人に七癖、我が身に八癖
- 意味
- 他人よりも自分にはもっと多くの癖があると思うべきだということ。
用例
誰かの癖や欠点を批判してしまったとき、自分にも同じように癖があることを忘れてはいけないという場面で使われます。特に、自省や謙虚さを促したいときに適した表現です。
- 後輩の話し方が気になって仕方なかったが、先輩に「人に七癖、我が身に八癖だぞ」と言われて反省した。
- 他人の仕草をからかっていたが、友人に真似されてみてようやく気づいた。人に七癖、我が身に八癖とはよく言ったものだ。
- 誰かの癖にいちいち文句をつけるより、自分の癖にまず向き合わねばならない。人に七癖、我が身に八癖の精神を忘れたくない。
これらの例文は、他人を観察するよりも、まず自分自身を振り返ることの大切さを示しています。癖や短所は誰にでもあるものだという前提に立ち、他者に対して寛容になる姿勢を養うための助言として用いられています。
注意点
この言葉を使う際には、相手の癖を正当化するための言い訳として聞こえないよう注意が必要です。例えば、注意すべき場面で「誰にでも癖はあるから仕方ない」と開き直るような使い方をすると、だらしない印象を与えてしまうことがあります。
また、用いる相手やタイミングによっては、「あなただけじゃない」と問題をすり替えるように受け取られる恐れもあります。本来は謙虚さや共感を生むための表現であり、「自分も同じように欠点があるのだ」という自省を前提とすべきです。
口語としては親しみやすい言葉ですが、やや古風な響きがあるため、若い世代には補足的な説明を添えると伝わりやすくなります。
背景
「人に七癖、我が身に八癖」は、江戸時代から庶民のあいだで広く親しまれてきたことわざです。特定の書物に由来するのではなく、生活の中から自然に生まれた民間の知恵とされます。
癖とは、身に付いた無意識の習慣や性質を指し、たとえば貧乏ゆすり、話し方、顔の表情、思考パターンなどさまざまです。他人の癖は第三者として見るために目につきやすいのに対し、自分の癖は無意識的であるため、気づきにくくなります。

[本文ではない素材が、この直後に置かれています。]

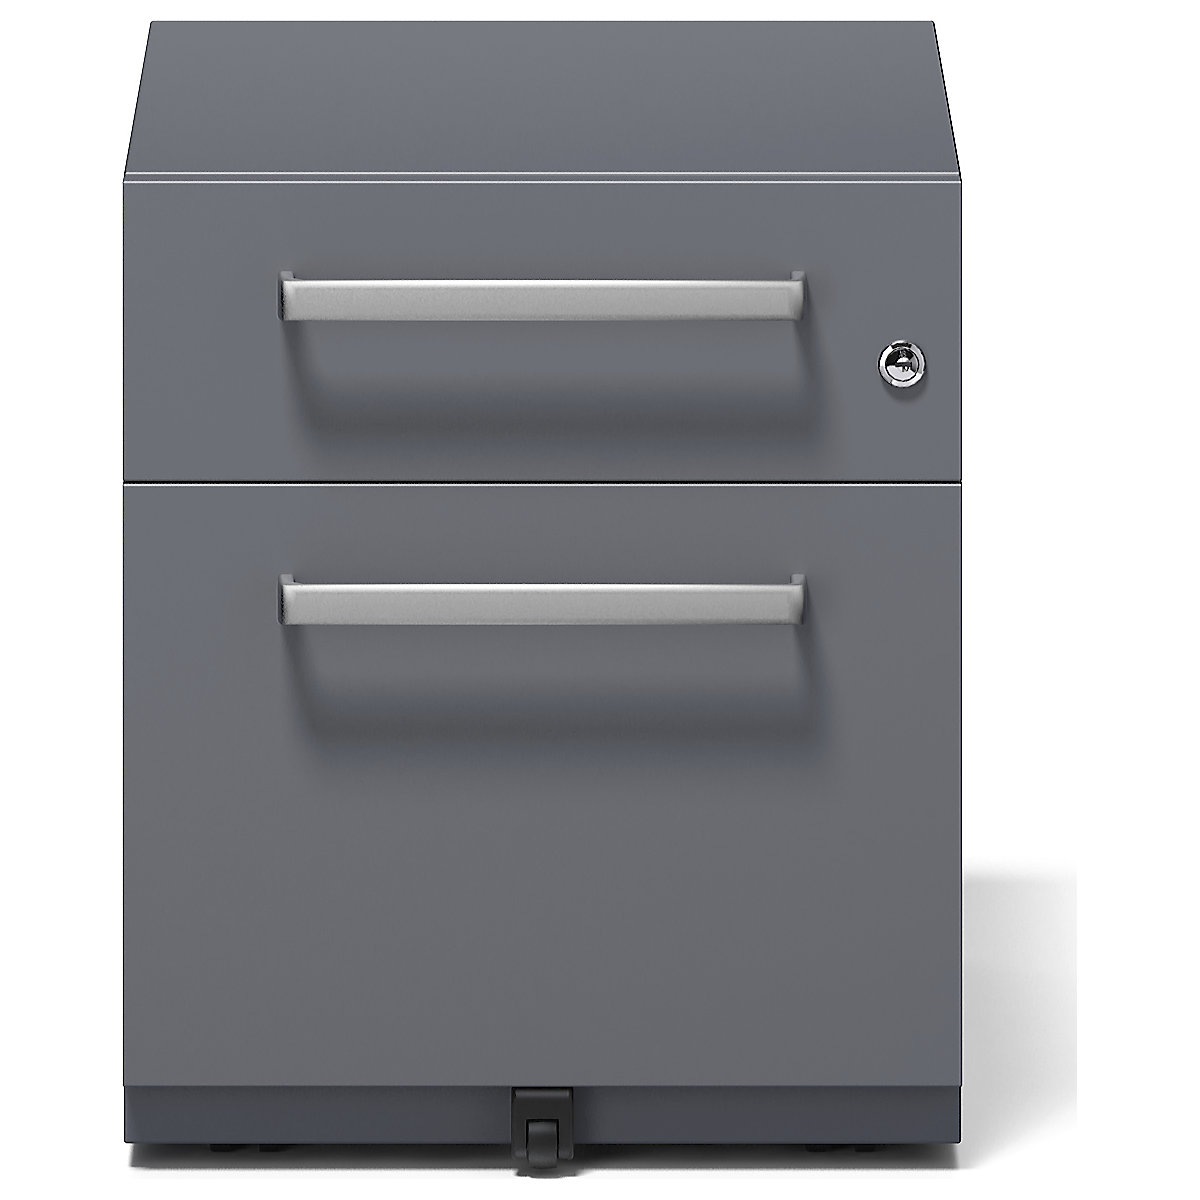 Buck rodante Note™ con 1 archivador colgante y 1 cajón universal – BISLEY (Imagen del producto 13)

この言葉は、そうした視点の違いによって生じる偏見や批判を戒め、「自分にも同じような欠点がある」という気づきを促すものです。また、日本の文化においては、謙虚さや内省が美徳とされるため、この言葉は倫理的・社会的にも調和を重んじる心の表れといえます。
近世には、浄瑠璃や歌舞伎、俳諧などでも「癖」を主題にした作品が多く登場し、人間の欠点や偏りを笑いや風刺として表現する文化が広まりました。この言葉も、そうした風土の中で生き続けてきた庶民の知恵の結晶といえるでしょう。
類義
まとめ
「人に七癖、我が身に八癖」は、他人の癖や欠点を指摘する前に、自分の癖にまず気づきなさいという、謙虚さと共感を促す言葉です。誰もが多かれ少なかれ偏りや習慣を持っており、それを責めることよりも、互いに理解し合い、受け入れることの方が大切だという人生訓が込められています。
この言葉は、人との関わりにおいて「正す」よりも「受け入れる」姿勢を思い出させてくれます。他人の言動に苛立ったとき、自分も同じような癖を持っていないかと立ち止まって考えることで、関係はずいぶんと和らぐものです。
現代社会では、他人に対してすぐに評価を下したり、短所ばかりを目にしてしまいがちです。そんな時、この言葉は、自分を見つめ直すきっかけを与えてくれる大切な道しるべとなります。お互いの癖を笑い合い、支え合える関係こそが、人間らしい温かさの証なのかもしれません。